• _Assignment_: The full listing, written out exactly and without images, is the expected result.

• _Data_:
|---|

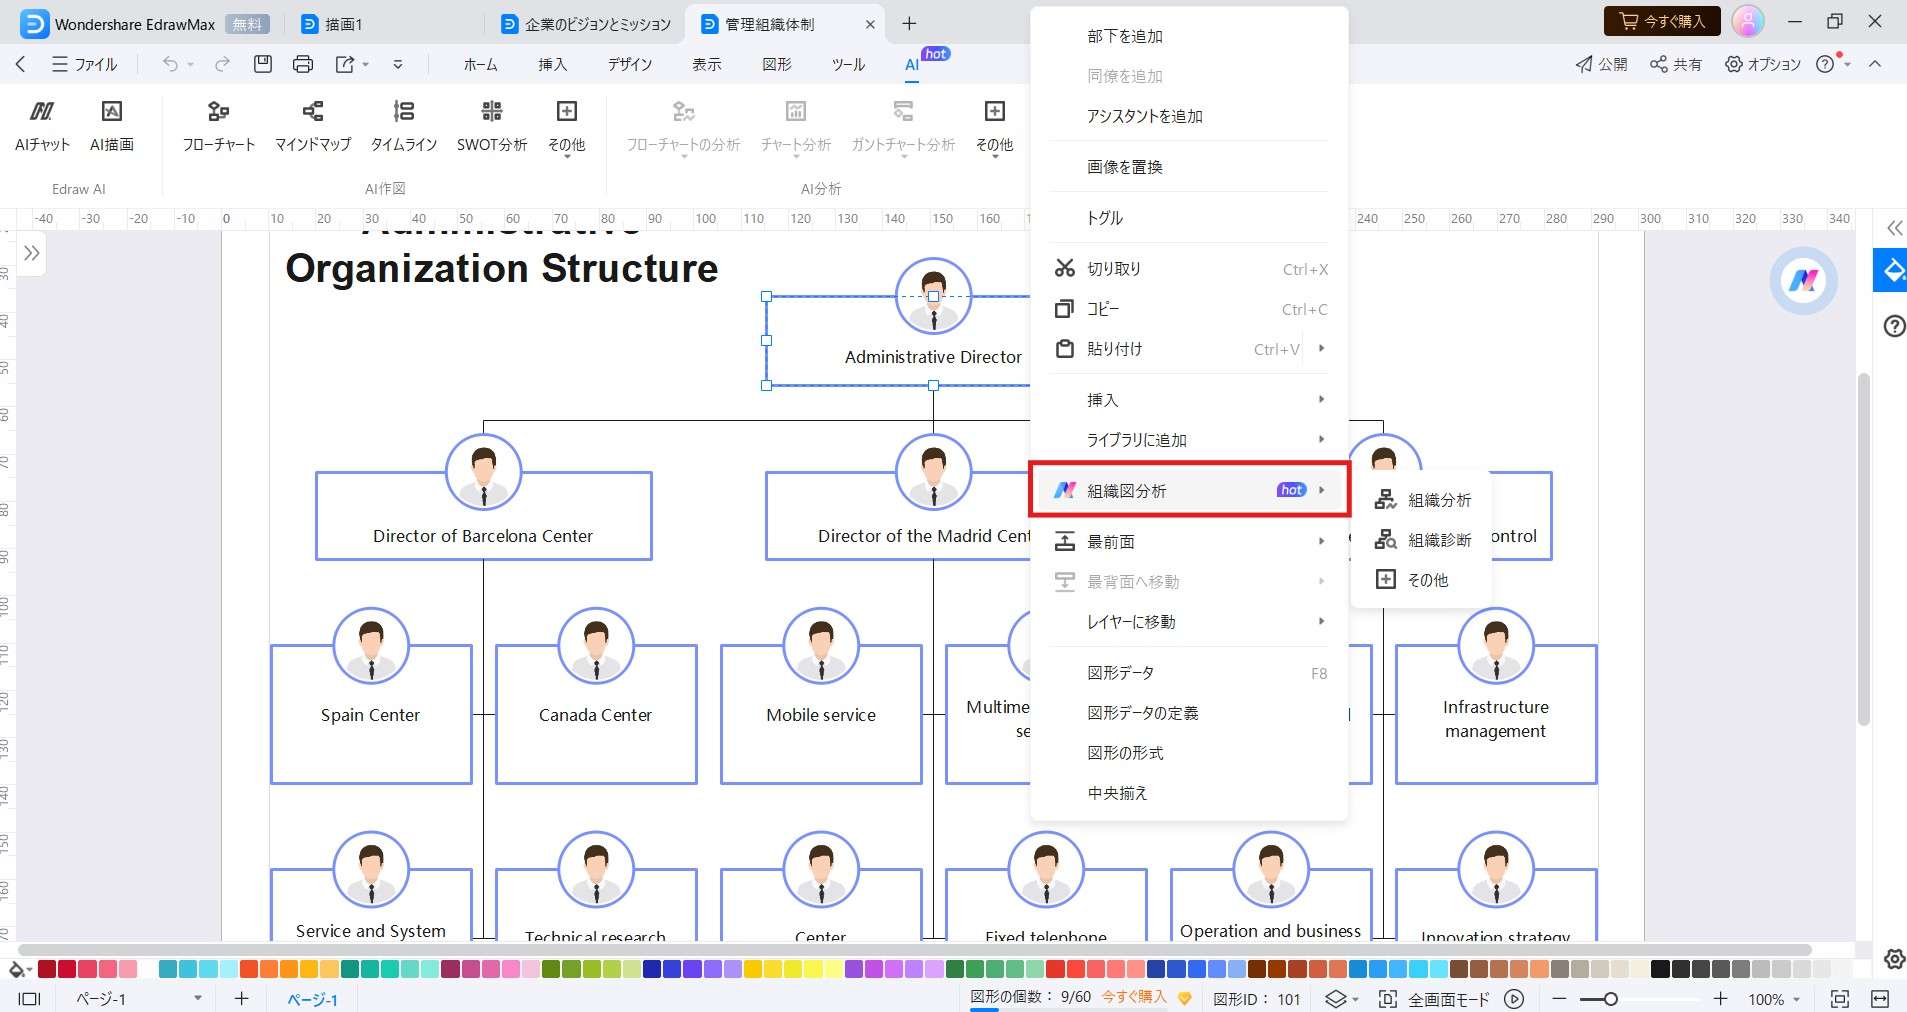 organizational chart analysis 02
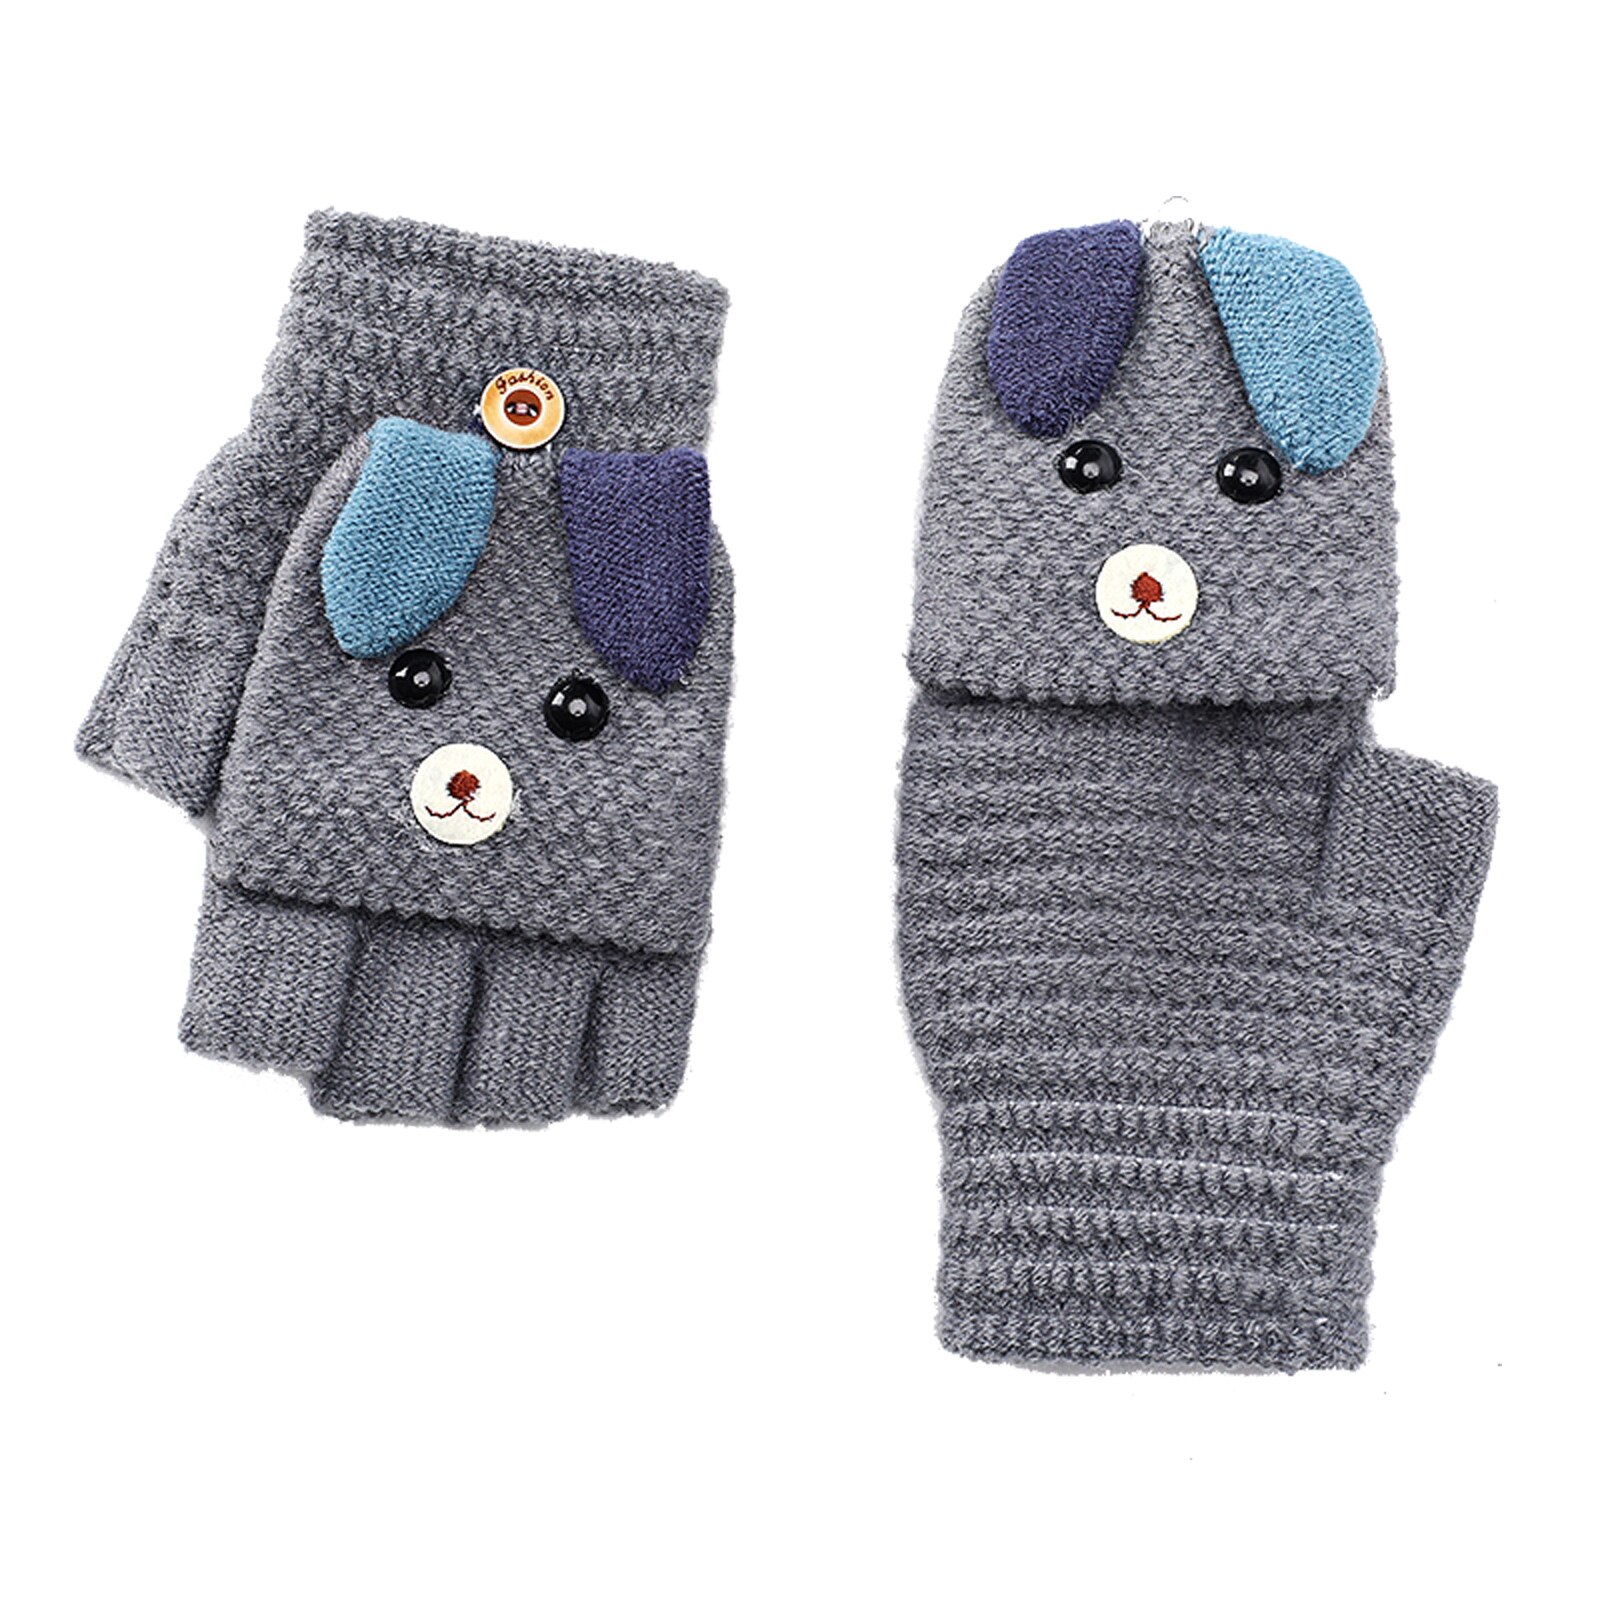 Kids Jongens Meisjes Winter Warm Vingerloze Handschoenen Wanten Leuke Cartoon Handschoenen Met Knop Voor Jongens Meisjes 6-12 Jaar oude
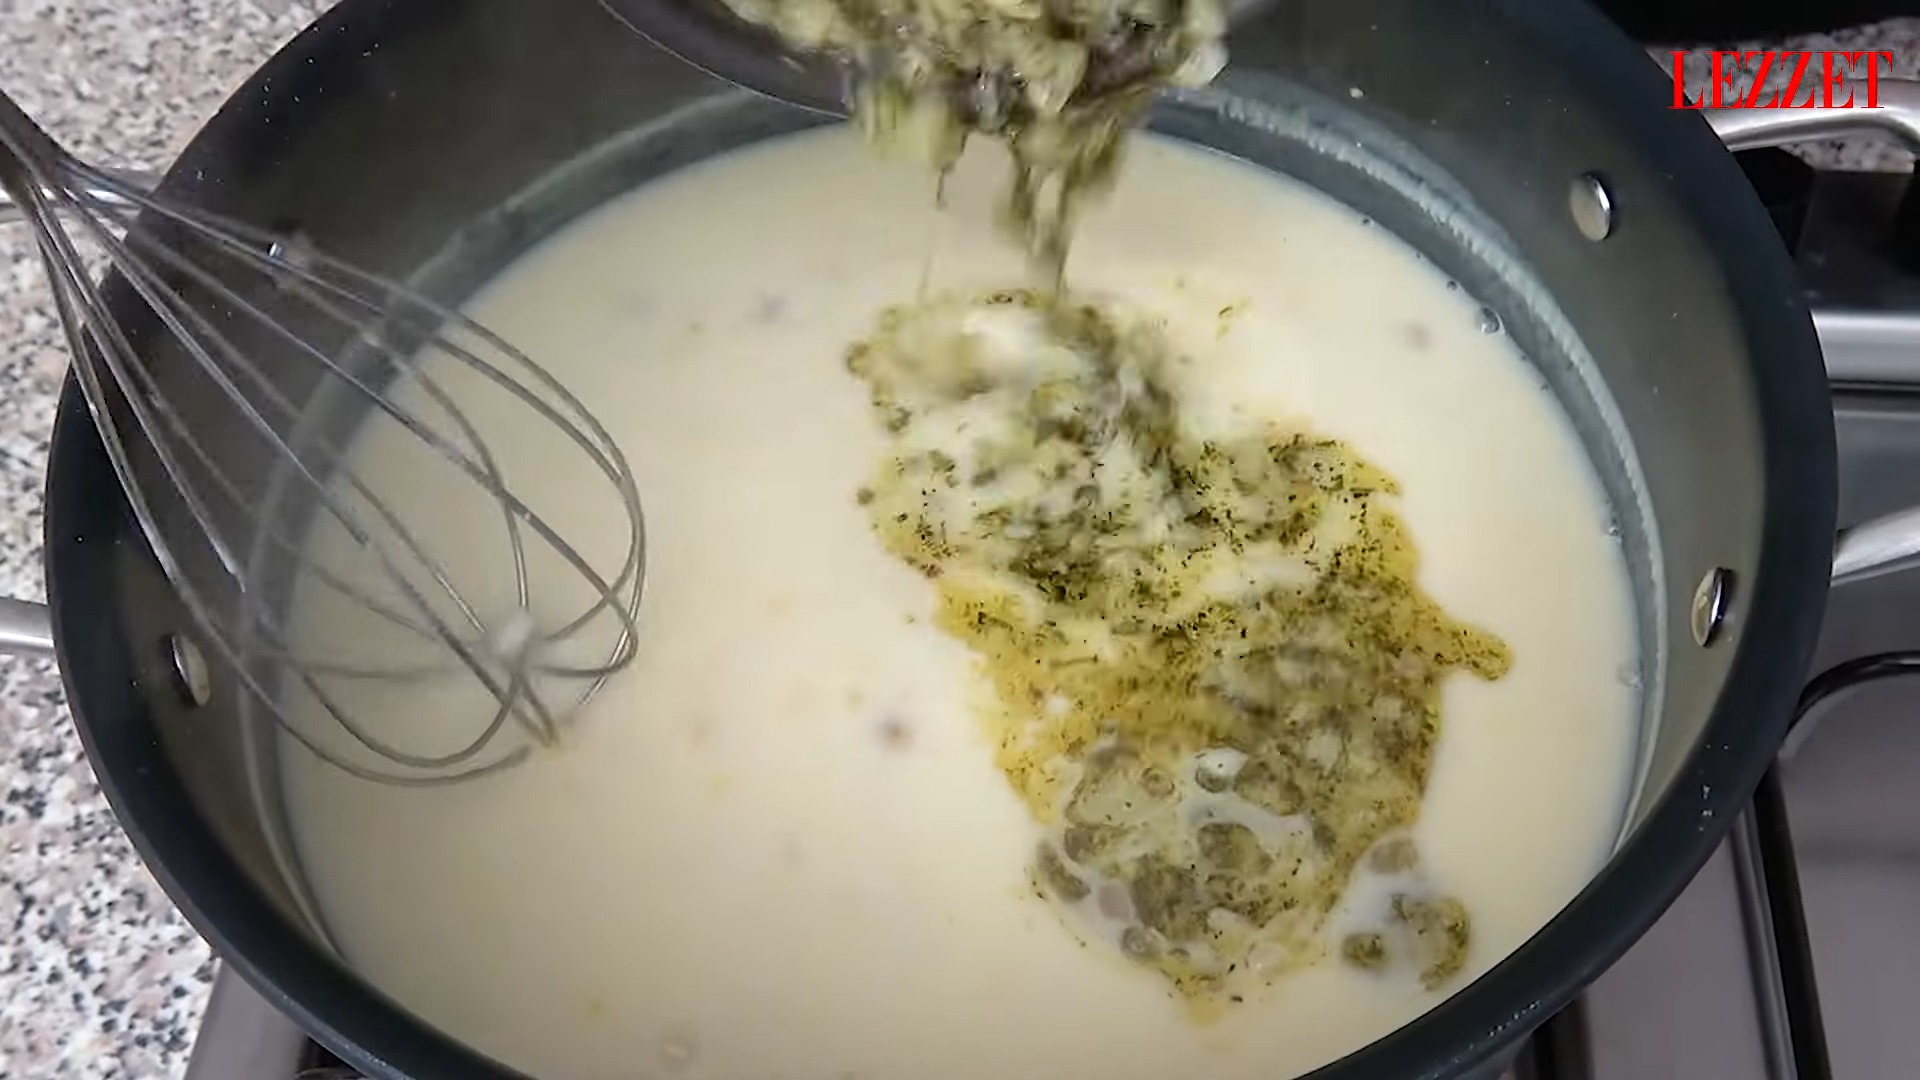 soğan eklenen çorba
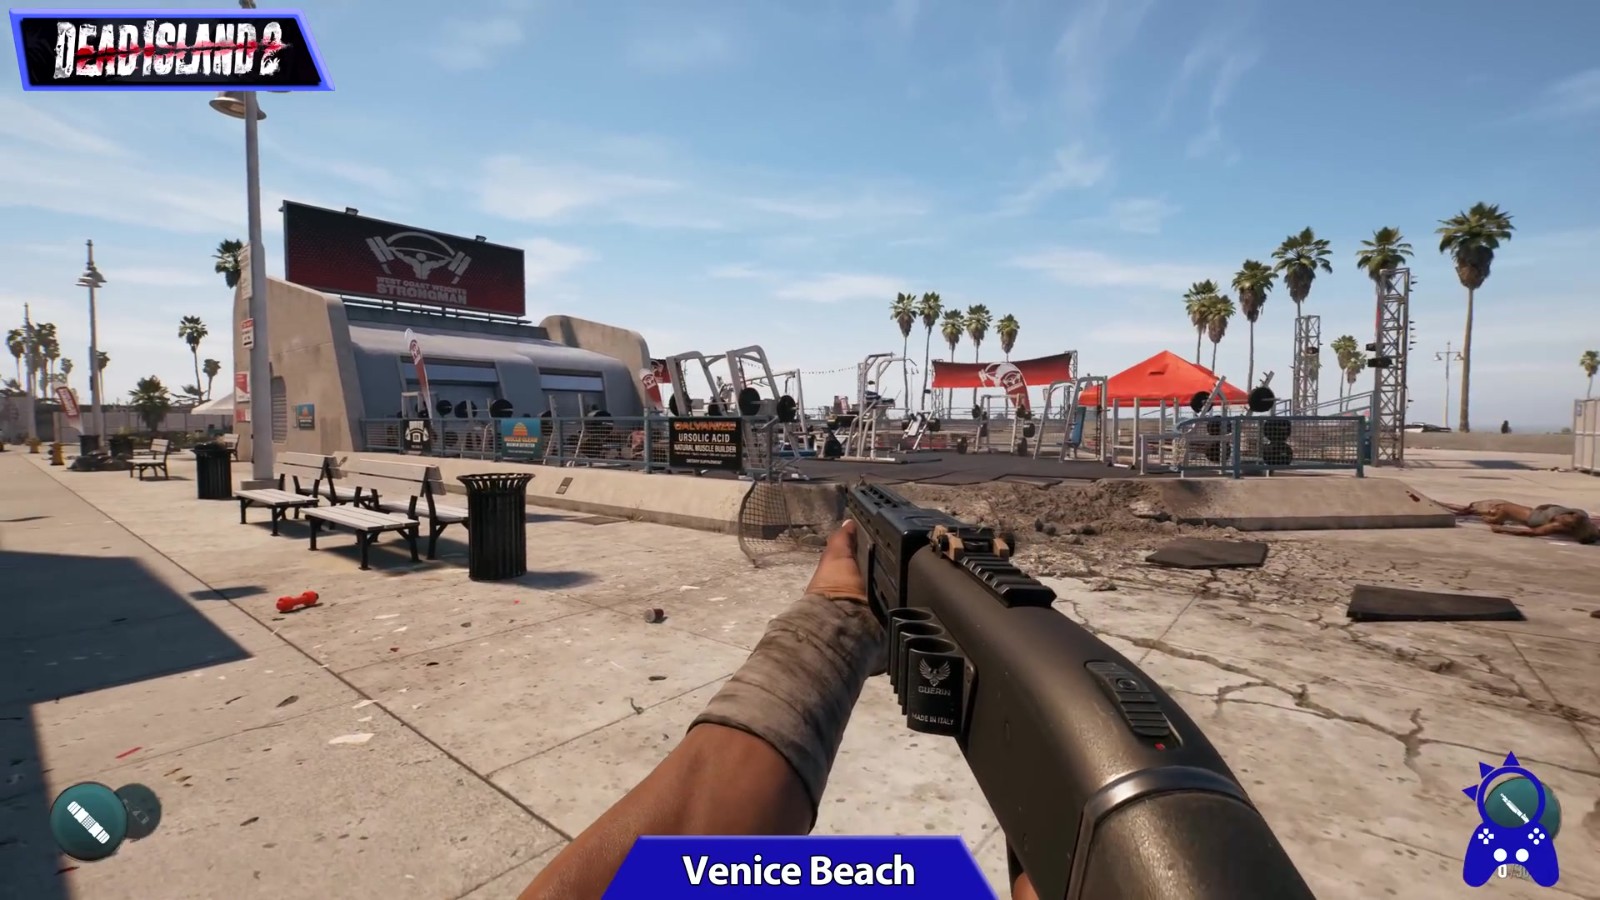 《死亡岛2》游戏环境与现实环境视频对比

|---|

• _Completed task_:
 organizational chart analysis 02
 Kids Jongens Meisjes Winter Warm Vingerloze Handschoenen Wanten Leuke Cartoon Handschoenen Met Knop Voor Jongens Meisjes 6-12 Jaar oude
 soğan eklenen çorba
 《死亡岛2》游戏环境与现实环境视频对比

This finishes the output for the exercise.